##### Data segment

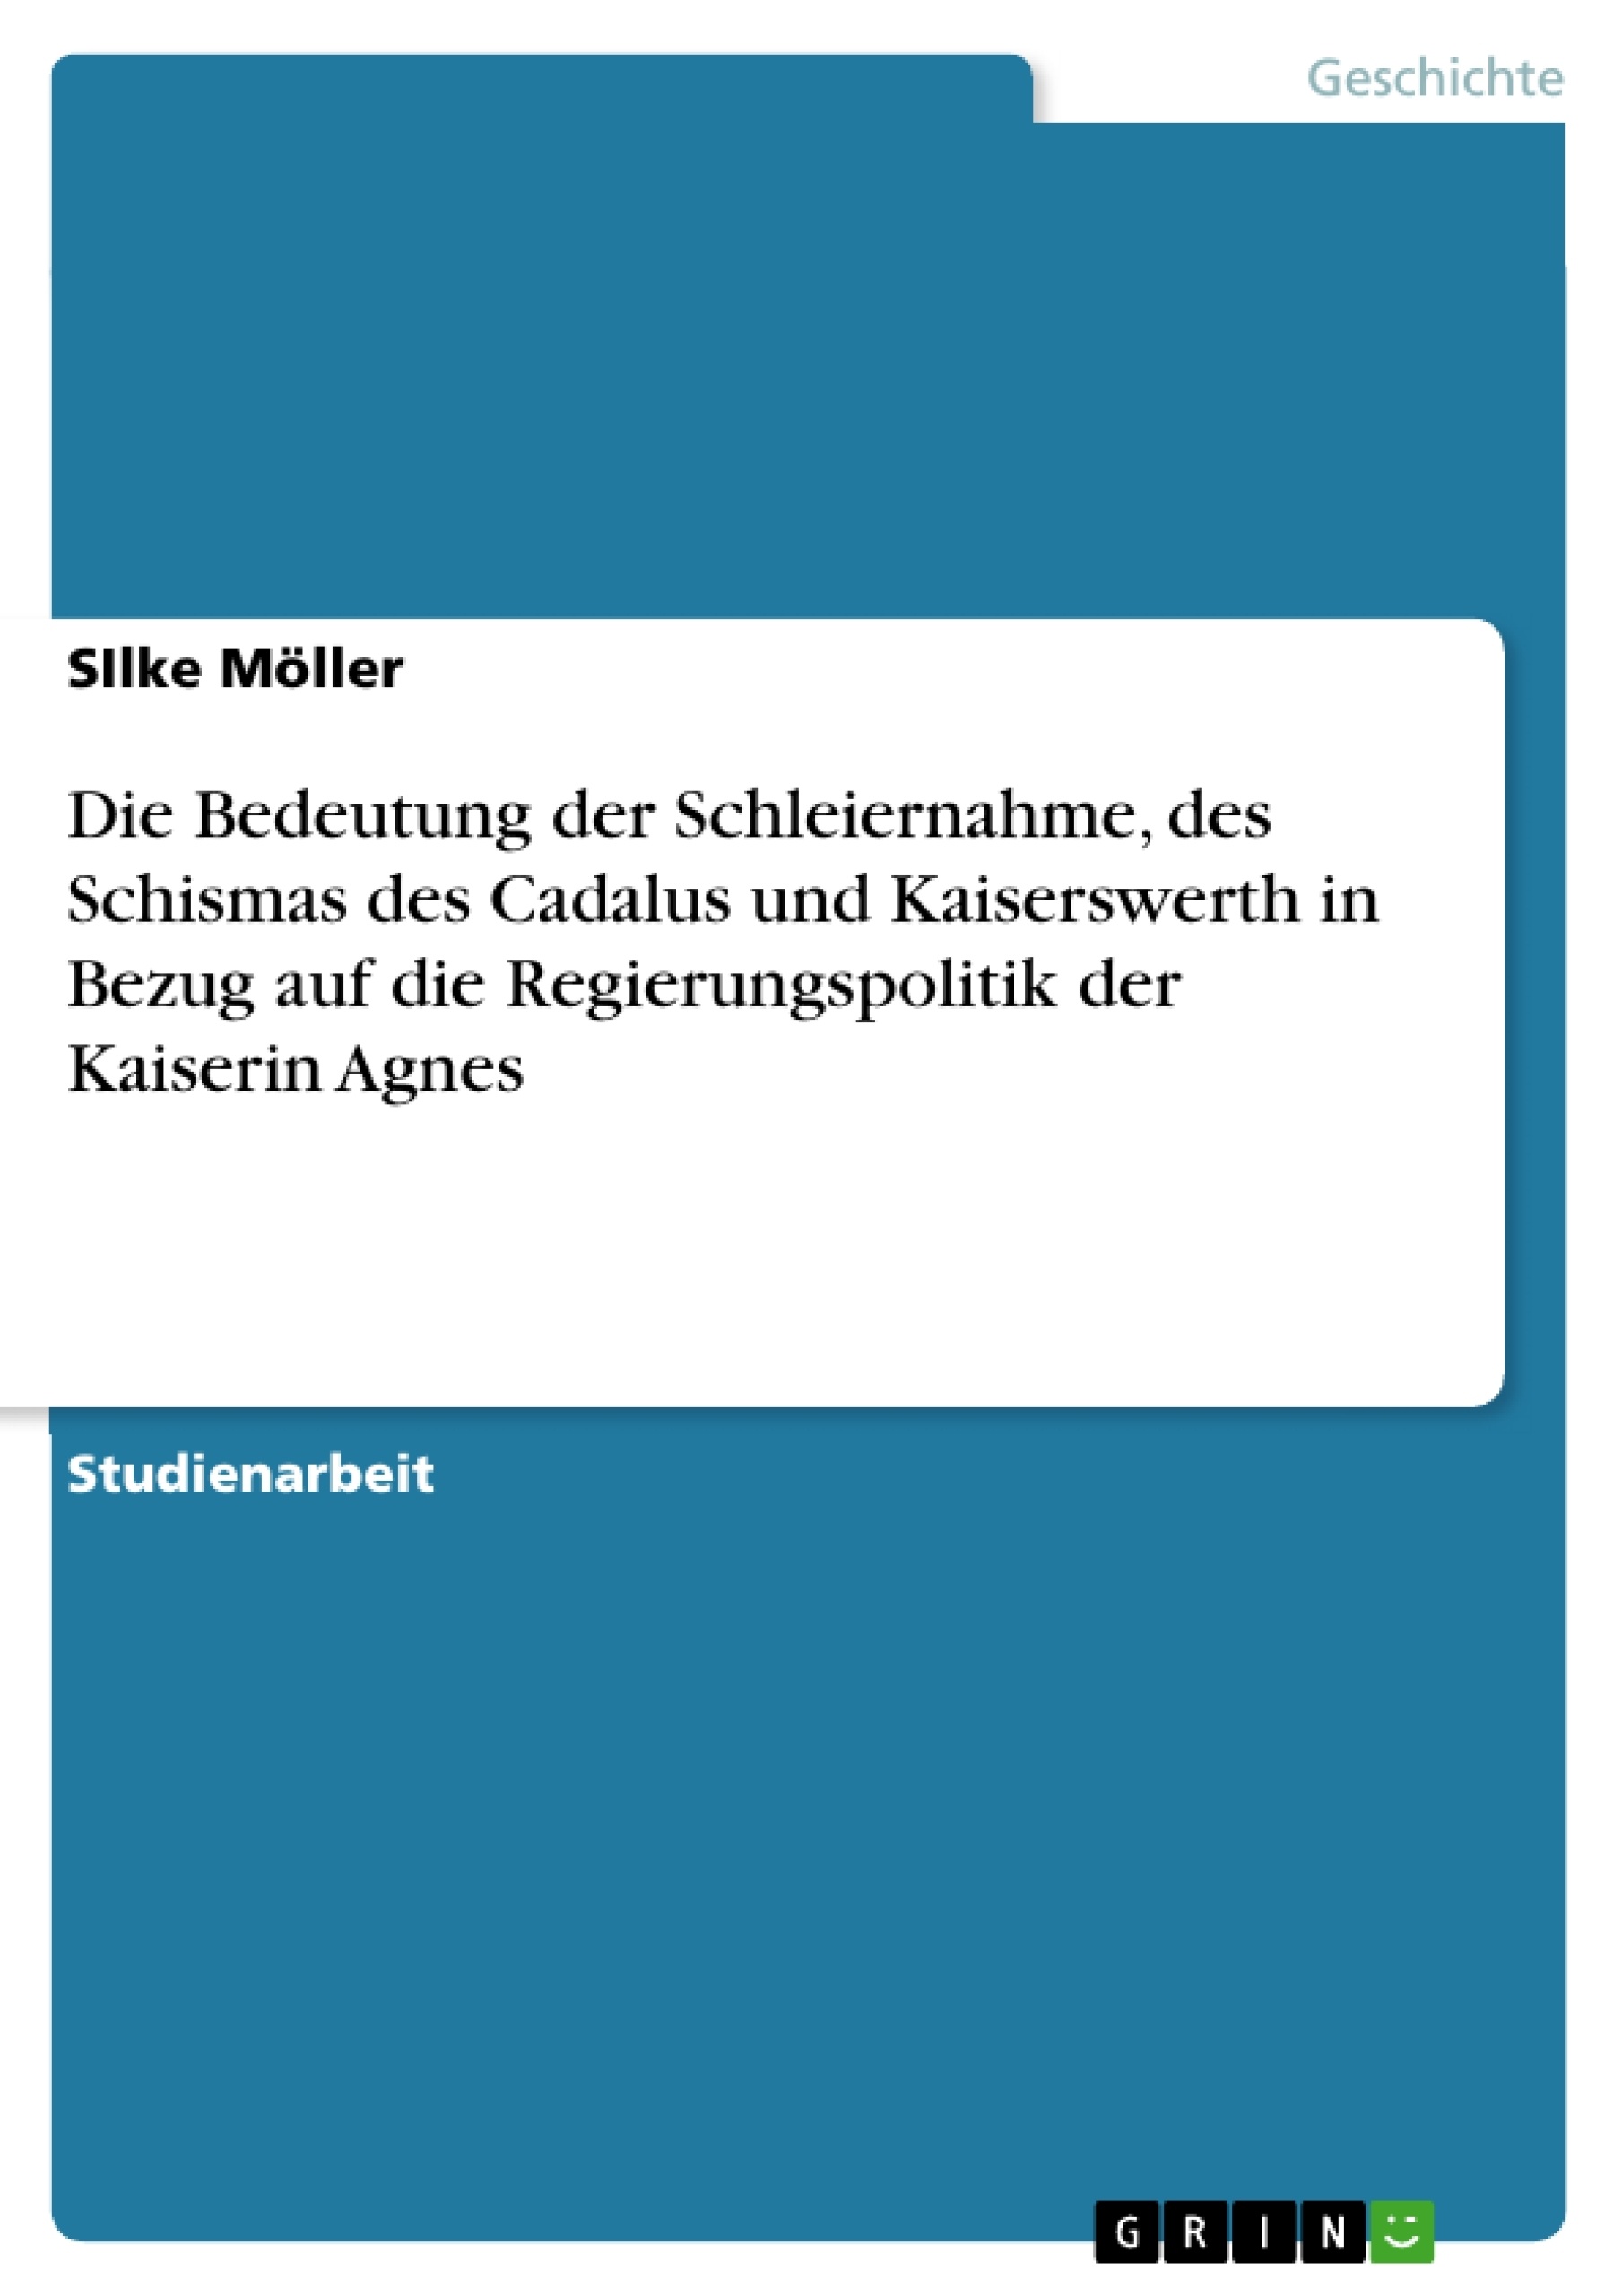 Title: Die Bedeutung der Schleiernahme, des Schismas des Cadalus und Kaiserswerth in Bezug auf die Regierungspolitik der Kaiserin Agnes 
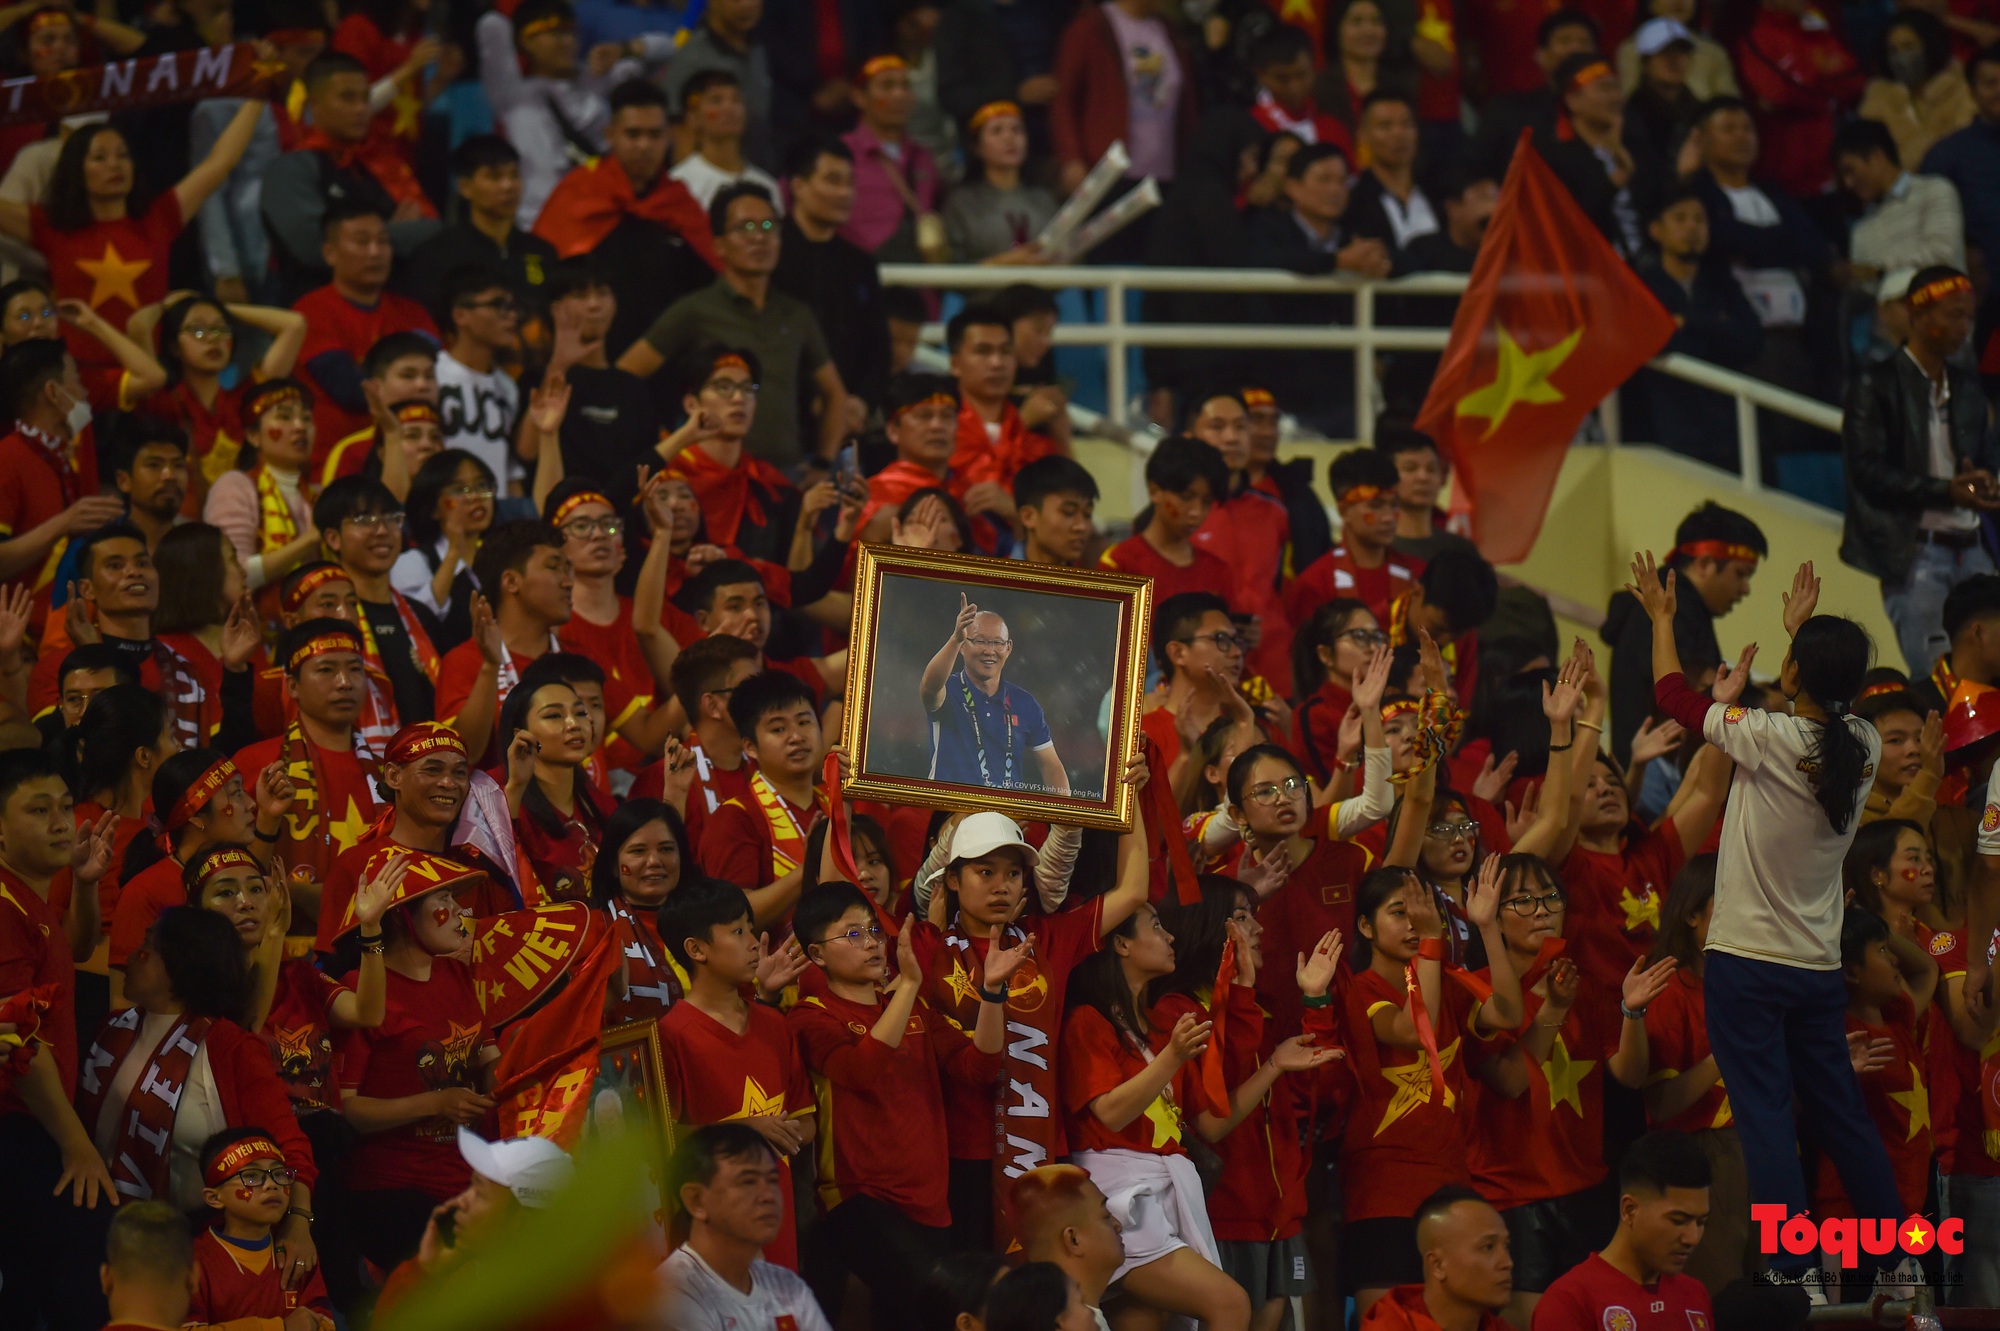 Chùm ảnh Bán kết AFF Cup 2022: Niềm vui chiến thắng của cầu thủ, cổ động viên Việt Nam trên sân Mỹ Đình - Ảnh 3.
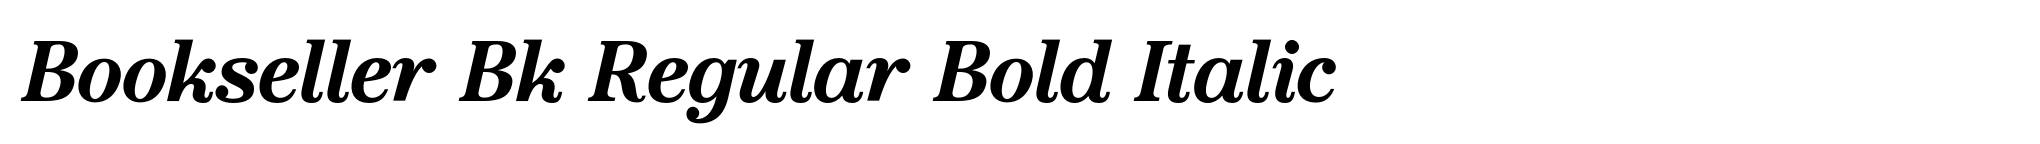 Bookseller Bk Regular Bold Italic image
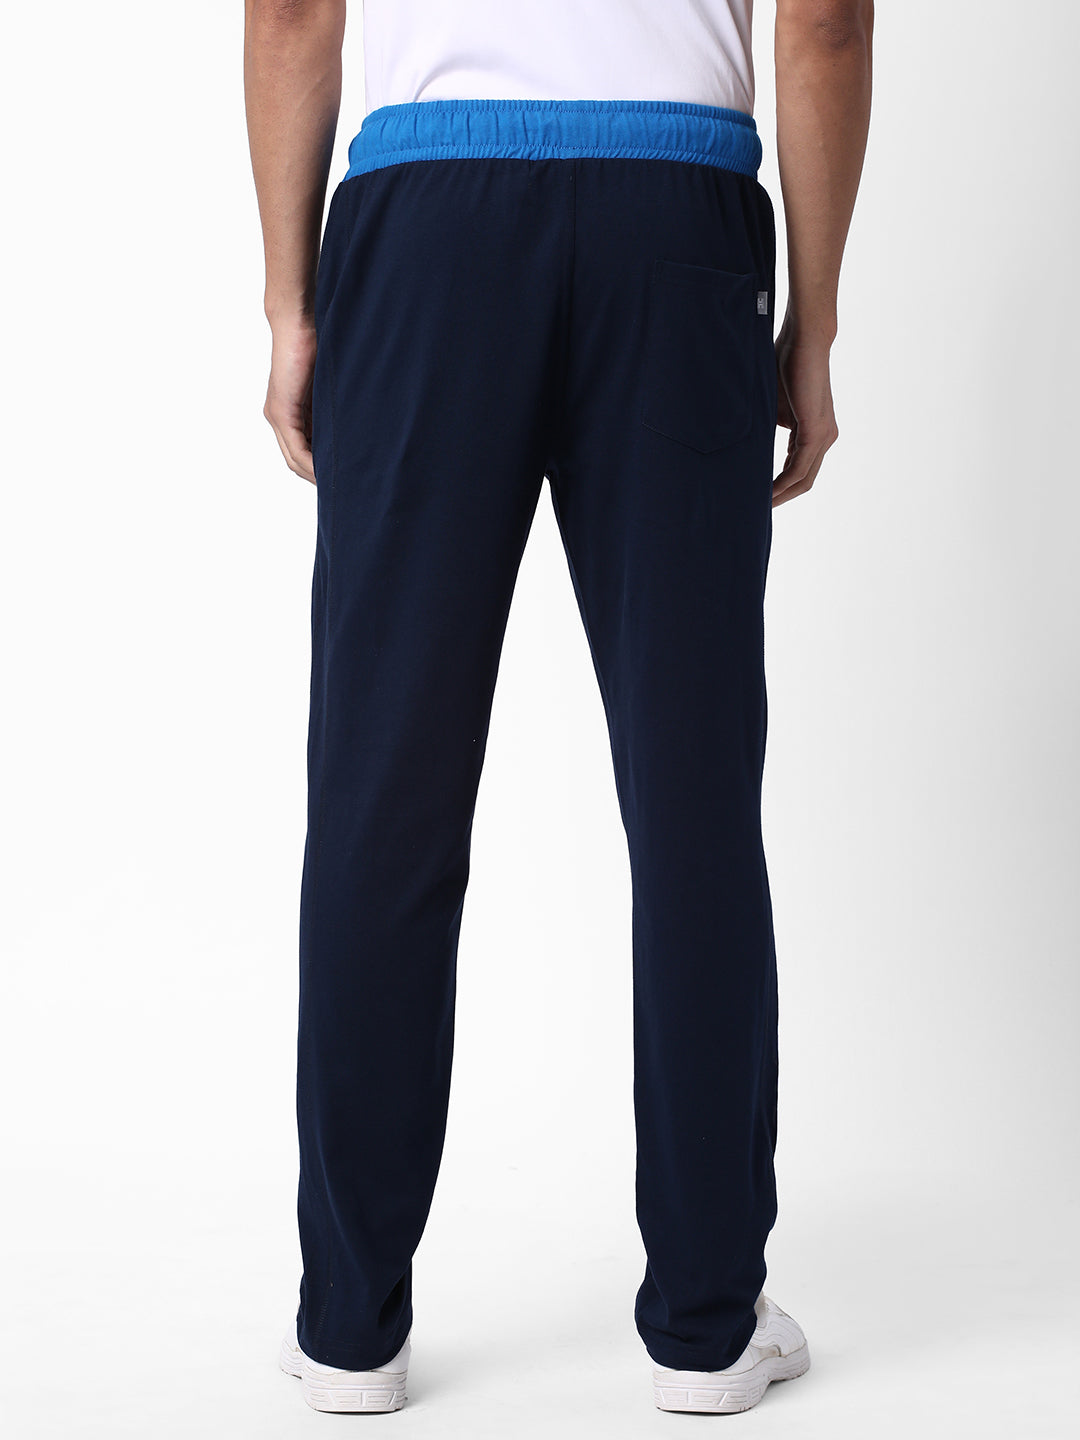 Buy Men's Navy Slim Fit Track Pants

##########

**About this exercise:** Where the data contains an image, skip the image and copy everything else exactly as it appears.

**Response:**
 Title: Die Bedeutung der Schleiernahme, des Schismas des Cadalus und Kaiserswerth in Bezug auf die Regierungspolitik der Kaiserin Agnes 
 Chùm ảnh Bán kết AFF Cup 2022: Niềm vui chiến thắng của cầu thủ, cổ động viên Việt Nam trên sân Mỹ Đình - Ảnh 3.
 Bookseller Bk Regular Bold Italic image
 Buy Men's Navy Slim Fit Track Pants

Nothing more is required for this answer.